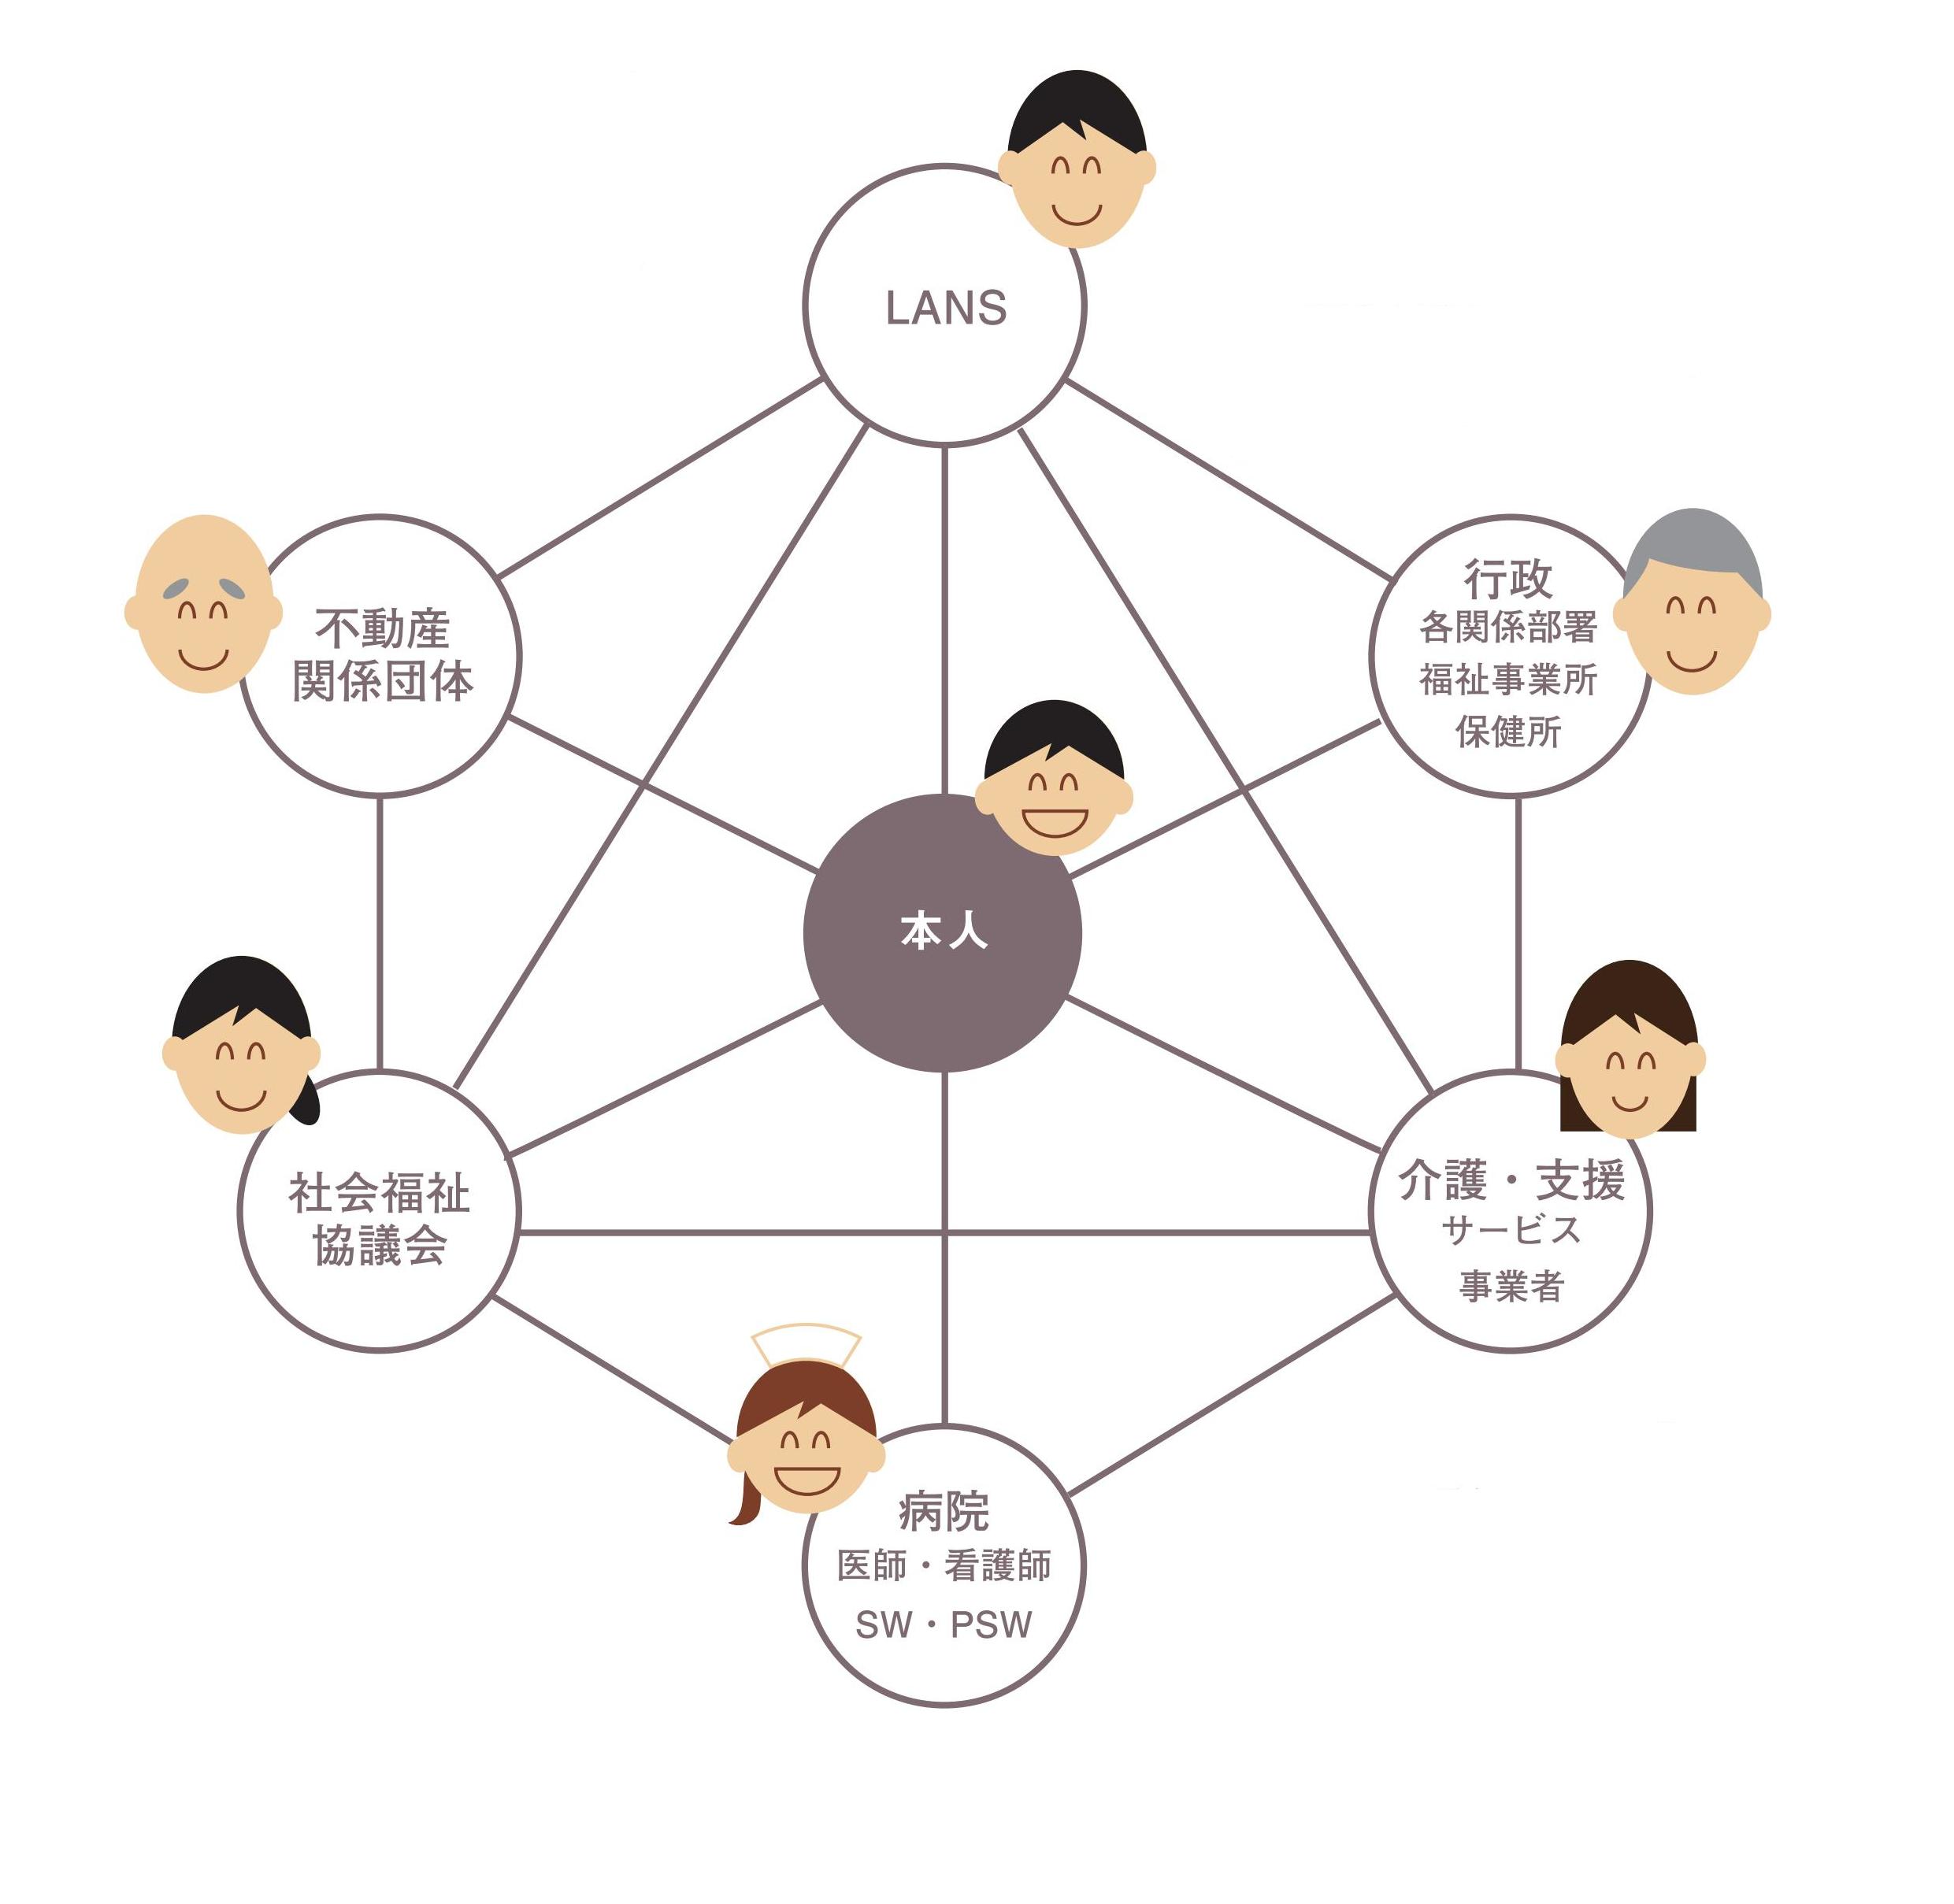 LANS,不動産関係団体,社会福祉協議会,行政,各関係部署,福祉事業所,保健所,介護,支援サービス事業所,病院,医師,看護師
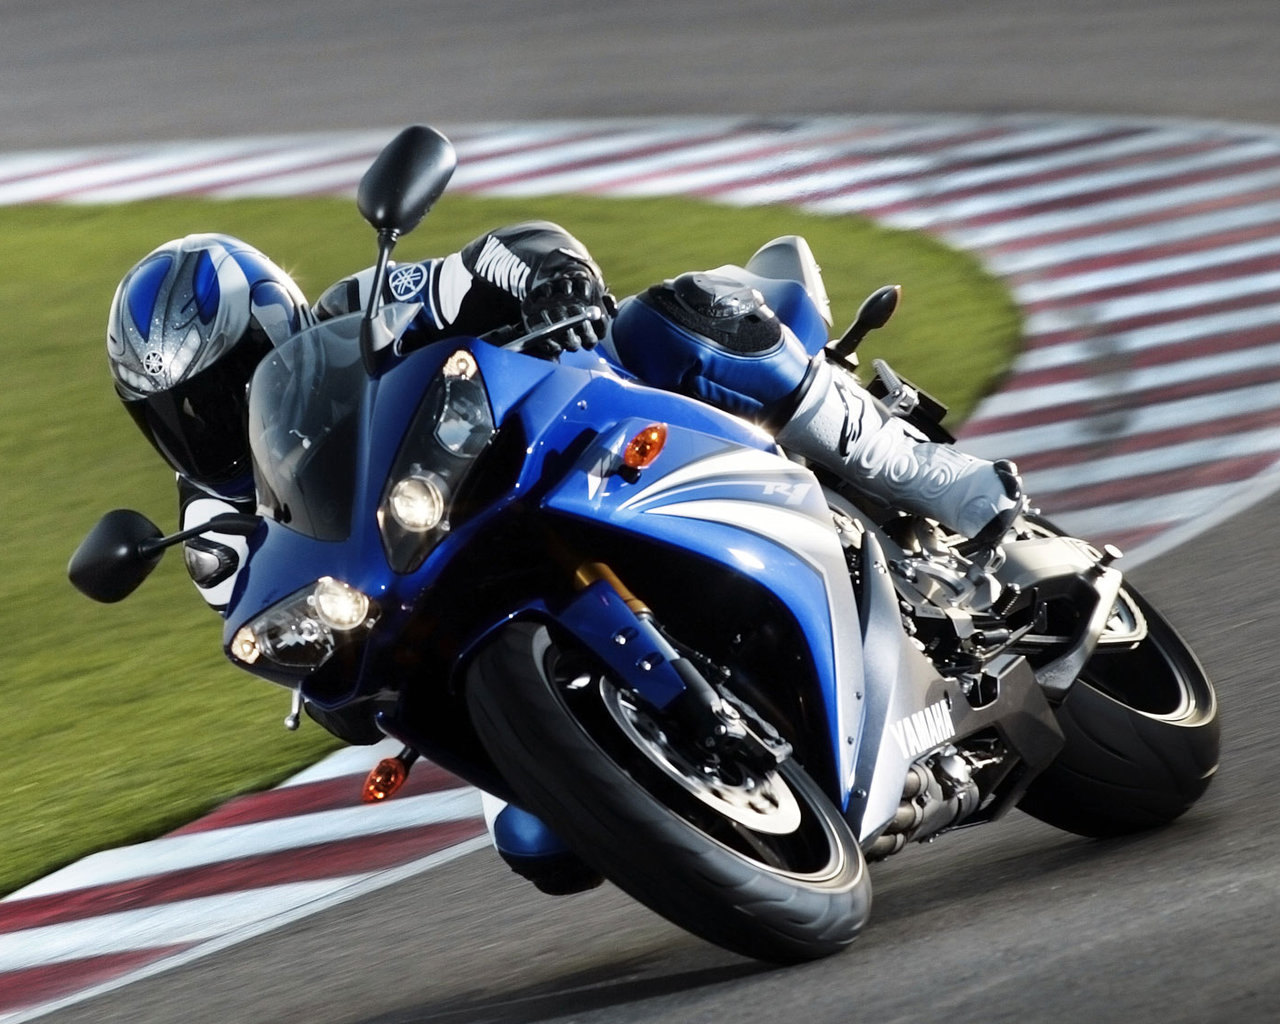 ямаха фото спортивных мотоциклов
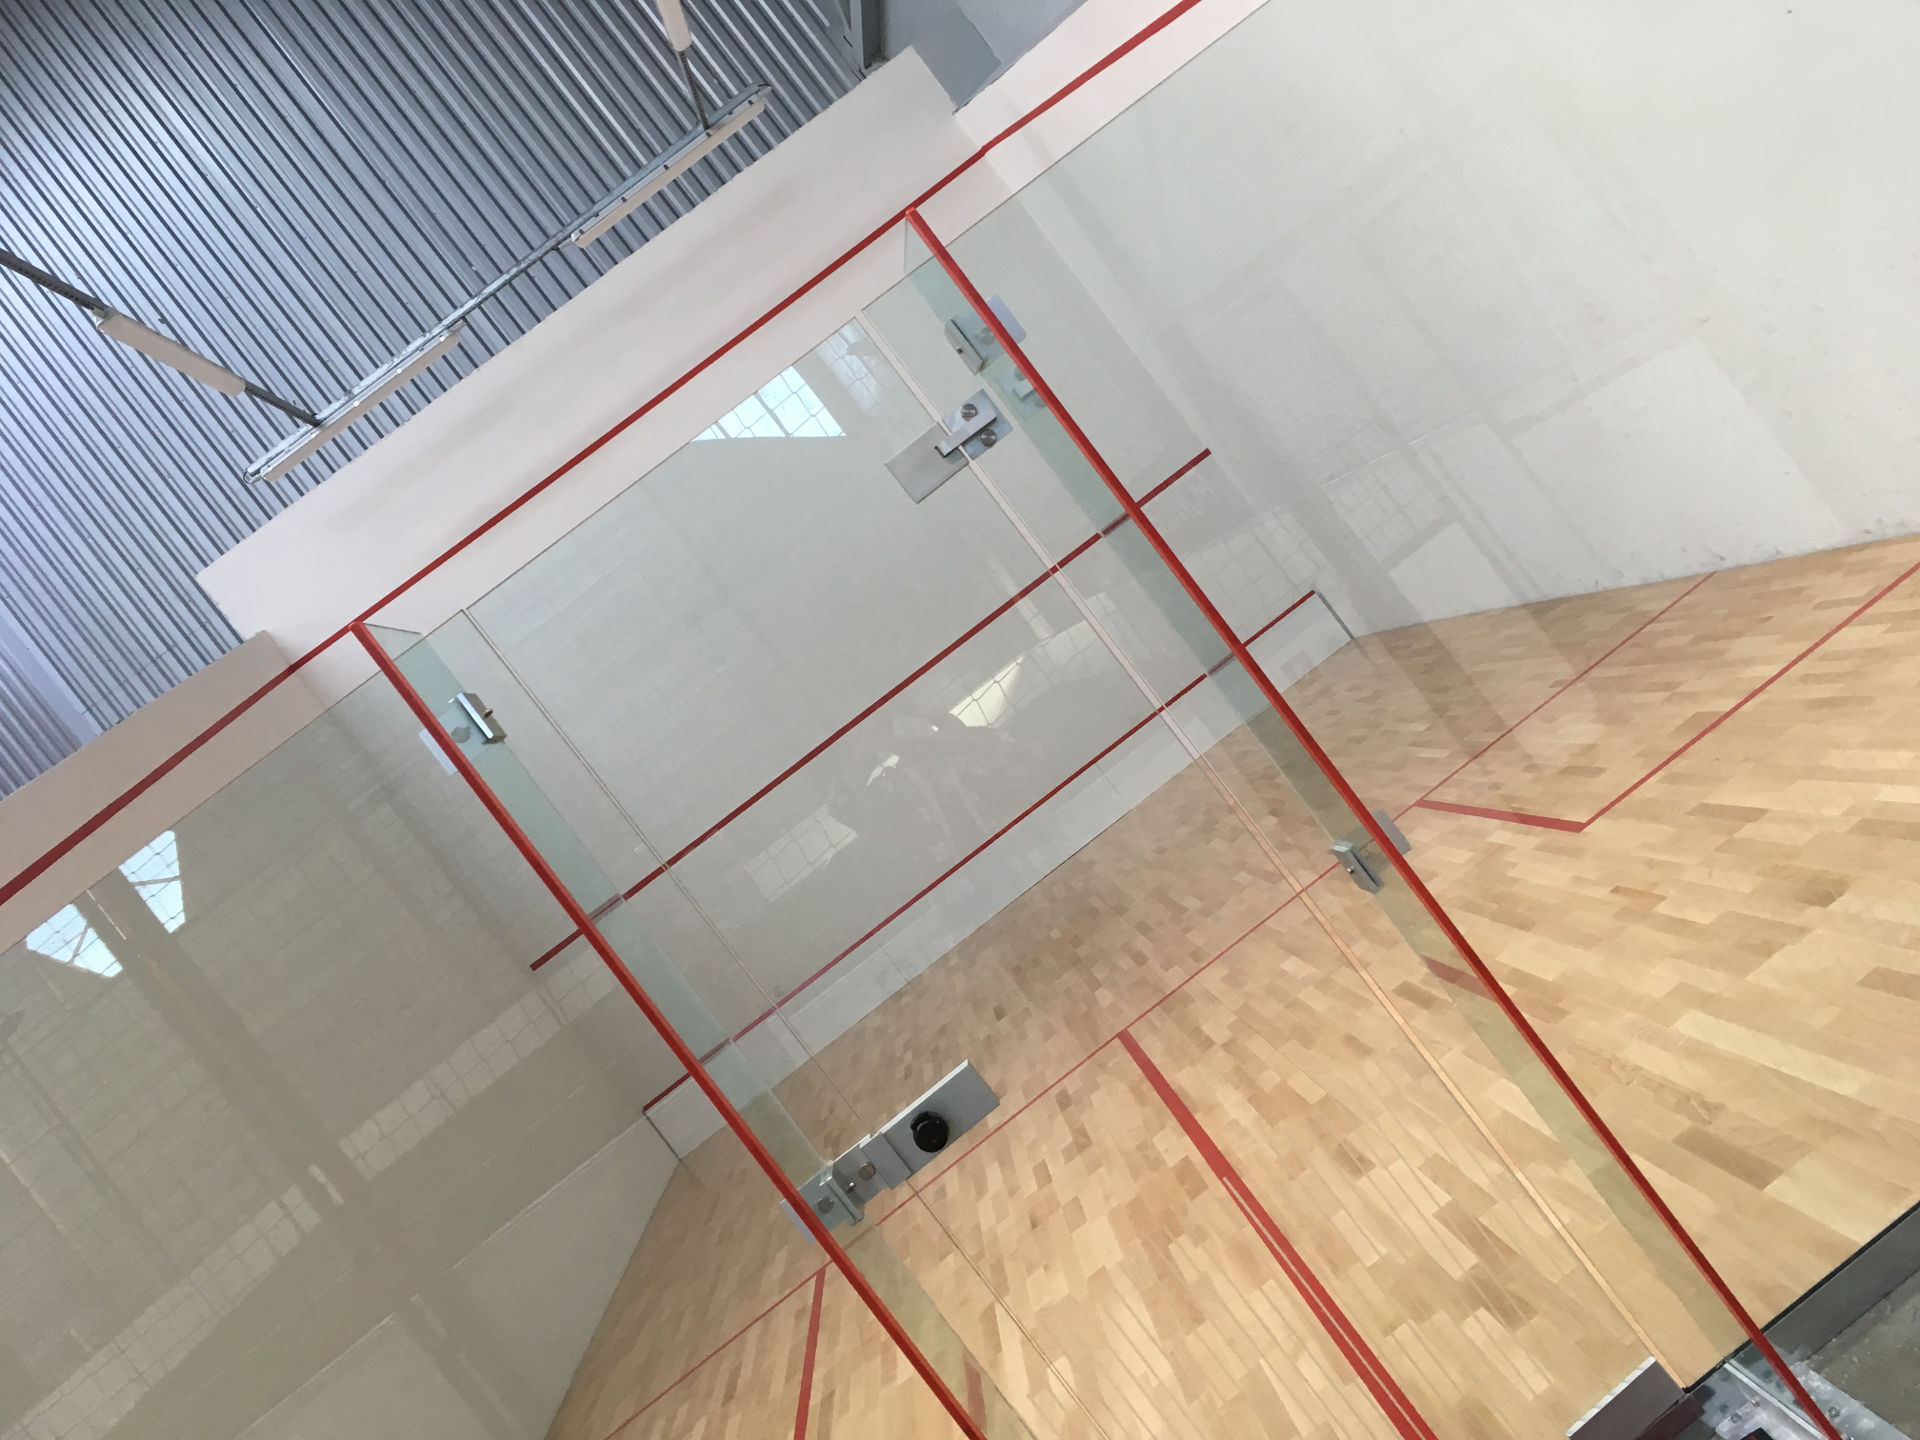 fabricant terrain de squash

Task objective: Nothing but the text is wanted: repeat the data above exactly, without its images.

Solution for this problem:
 LANS,不動産関係団体,社会福祉協議会,行政,各関係部署,福祉事業所,保健所,介護,支援サービス事業所,病院,医師,看護師
 ямаха фото спортивных мотоциклов
 fabricant terrain de squash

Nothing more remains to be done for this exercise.